One year ago, Logikcull made another significant jump: we ended hosting fees. Seeing that per-GB, monthly hosting fees, the standard approach to eDiscovery pricing for most software and vendors, were unjustified, unsustainable, and counterintuitive, we got rid of them. (More on that below.) Today, Logikcull has no hosting fees, no line items, no markups. Whether a project has 10 GB of data or a terabyte, the same low, monthly, per-matter rate applies. (For the curious, that rate is a one-time $25 per GB for processing, applied to the uploaded size of data, and a flat $395 monthly matter rate.)
It made sense then, and even more so today.
Per-Matter Pricing Without the Hosting Fees
For firms looking to quickly reduce spend given the current economic climate and to show clients that they understand and are responding to the need to rein in costs, eliminating extraneous fees can be an easy win.
“Under a hosting-fees model, one terabyte of data, at $30 per GB per month, costs $360,000 a year. Think of what you could do with $360,000 right now.”

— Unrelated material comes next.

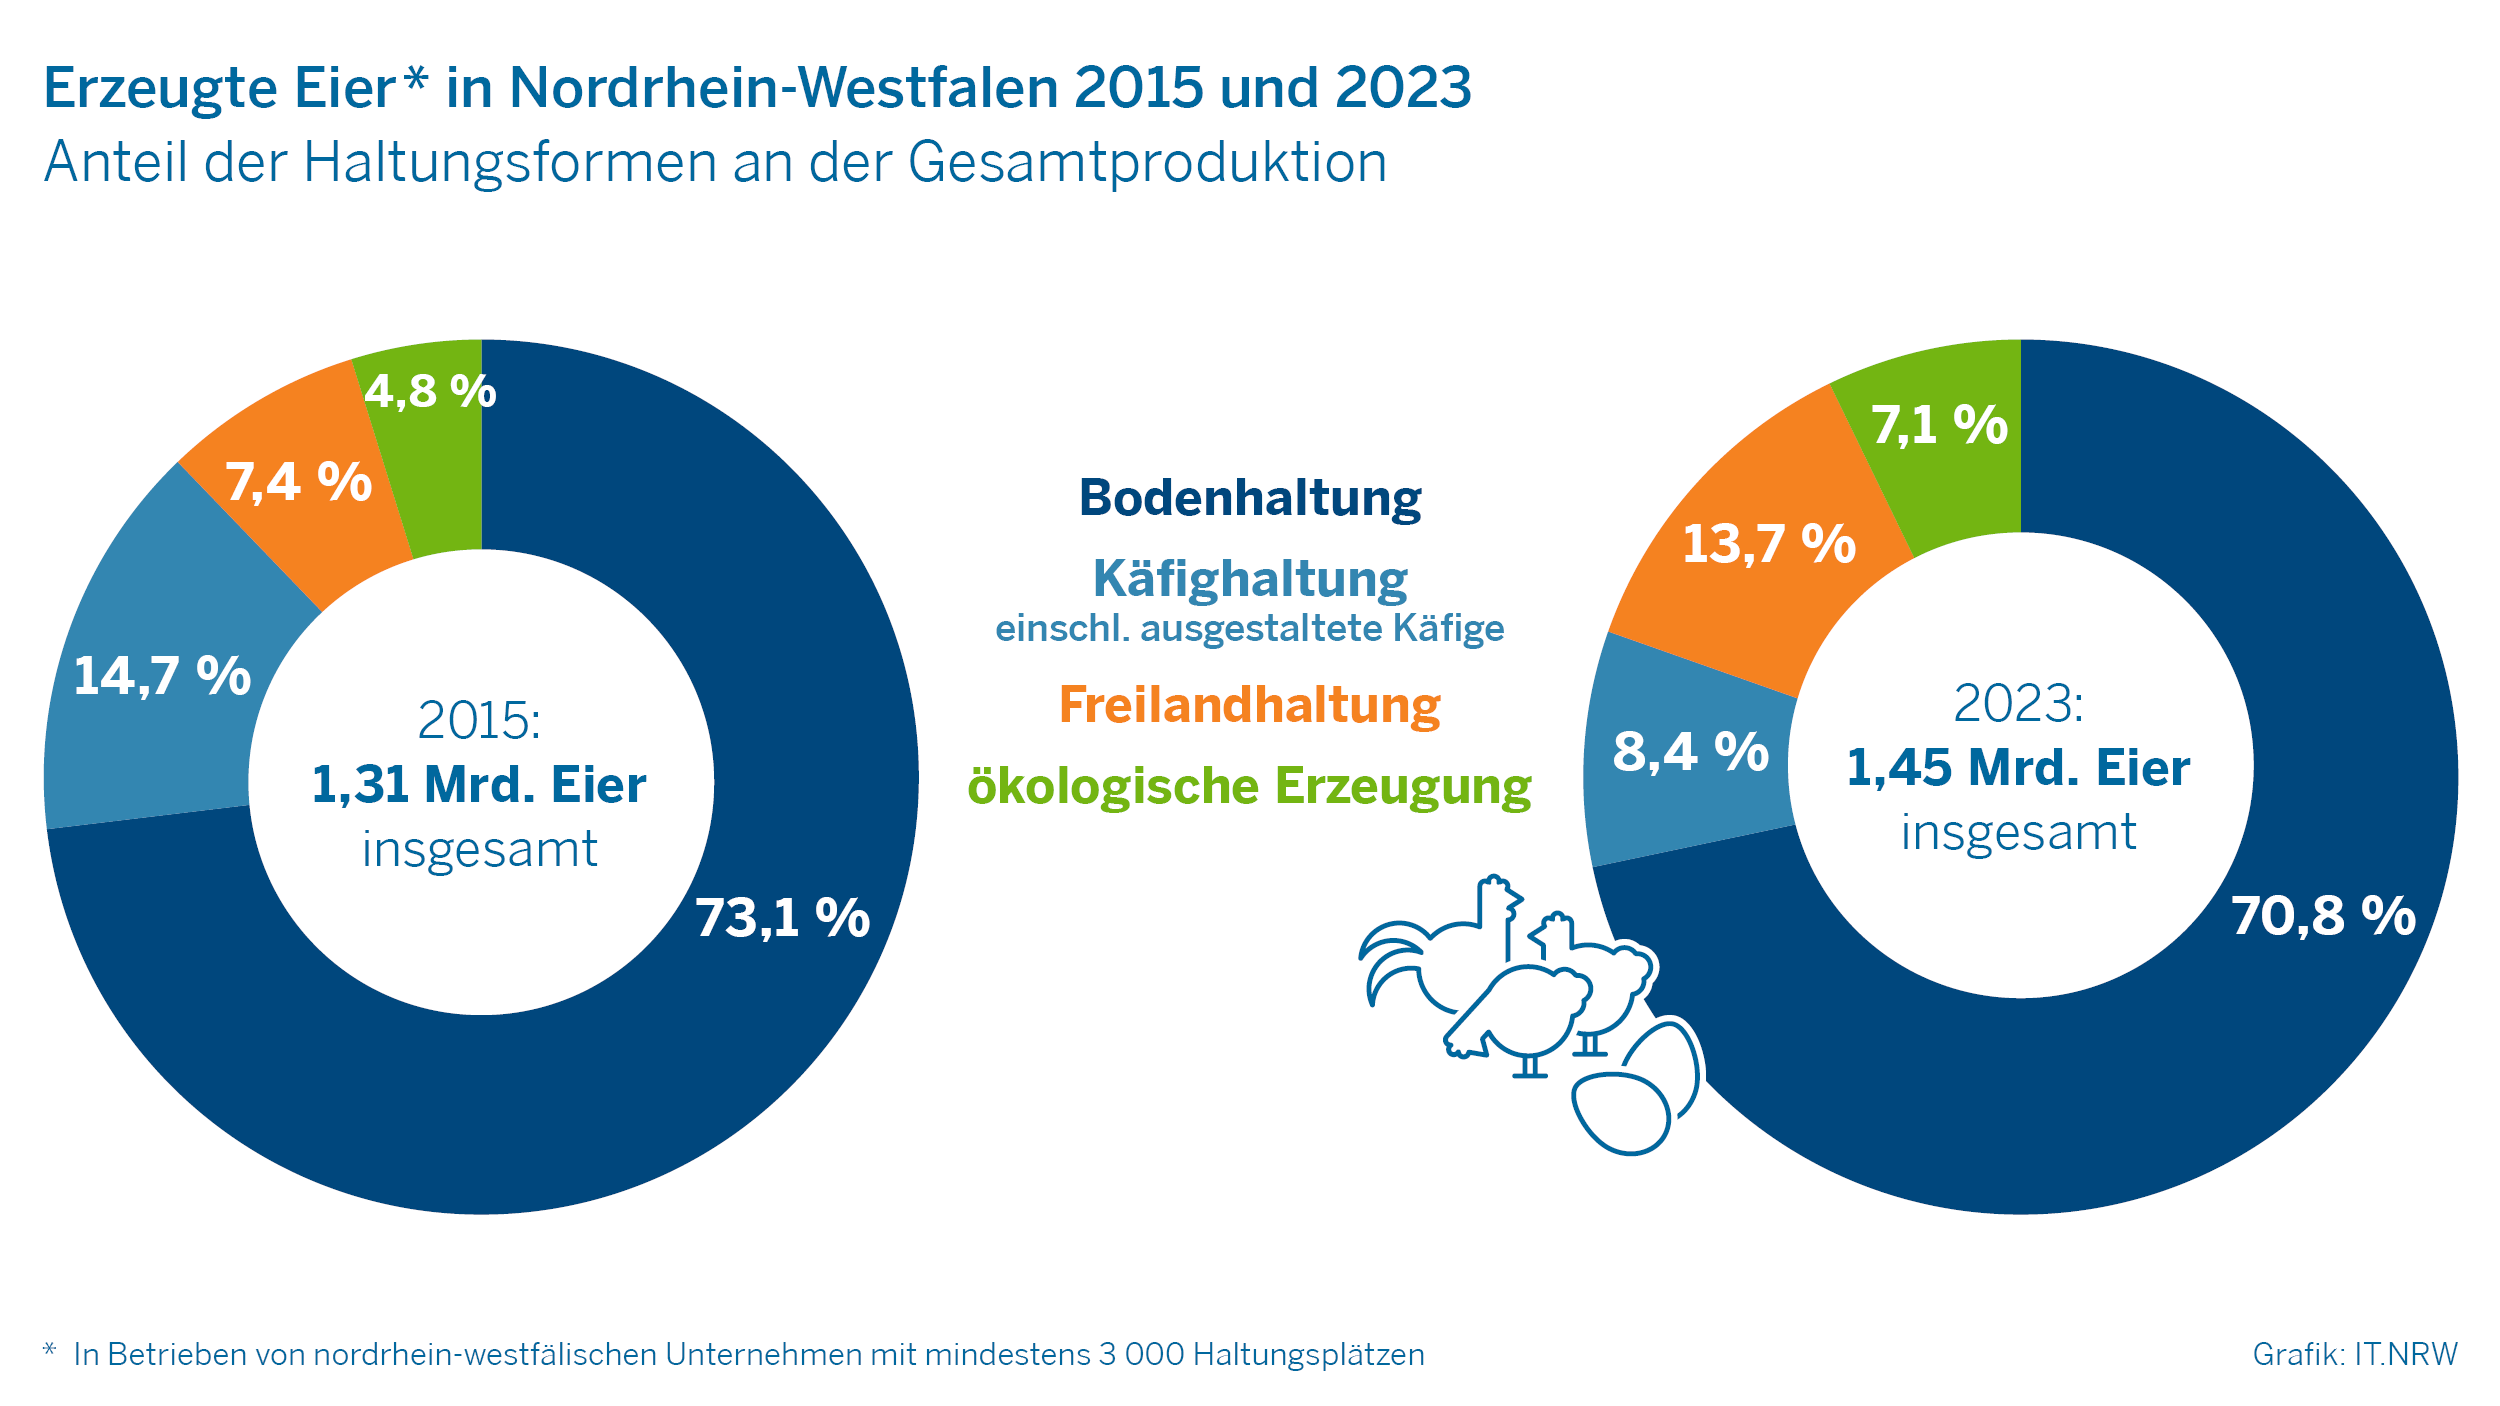 Erzeugte Eier in Nordrhein-Westfalen 2015 und 2023

Take, for example, a 100 GB discovery matter. On a typical platform using a hosting-fees model, the firm (and their client if they pass costs through) might be charged $30 per GB, per month. That means $3,000 just to host the matter, every month. In the grand scheme of litigation, that might not seem like too much, but for a matter where discovery lasts one year, that’s $36,000. Multiply that by dozens of matters, and firms are facing six- and seven-figure costs just for their discovery platforms.
Under this model, one terabyte of data, at $30 per GB per month, costs $360,000 a year.
Think of what you could do with $360,000 right now.
This becomes increasingly urgent as more matters are put on hold. Throughout the country, trials are on pause and courts slowed or shuttered——lengthening the period projects will need to be hosted and, thus, multiplying the impact (and pain) of monthly hosting fees. Many matters are simply stuck in a holding pattern, waiting for things to pick back up at some tentative future date. But those four- and five-figure hosting costs continue to pile up.
Law firms in this position are faced with an unenviable choice: grin and bear it or delete the matter entirely, potentially losing valuable work product once a matter is taken offline.
There is an alternative though. You can switch. With no hosting fees and only a straightforward monthly per-matter rate, costs are predictable, controllable, and manageable.
The urgency of this approach is more apparent now than ever—and it’s fueling a rapid migration from high-priced hosting platforms to a new approach to discovery. Necessity is the mother of invention.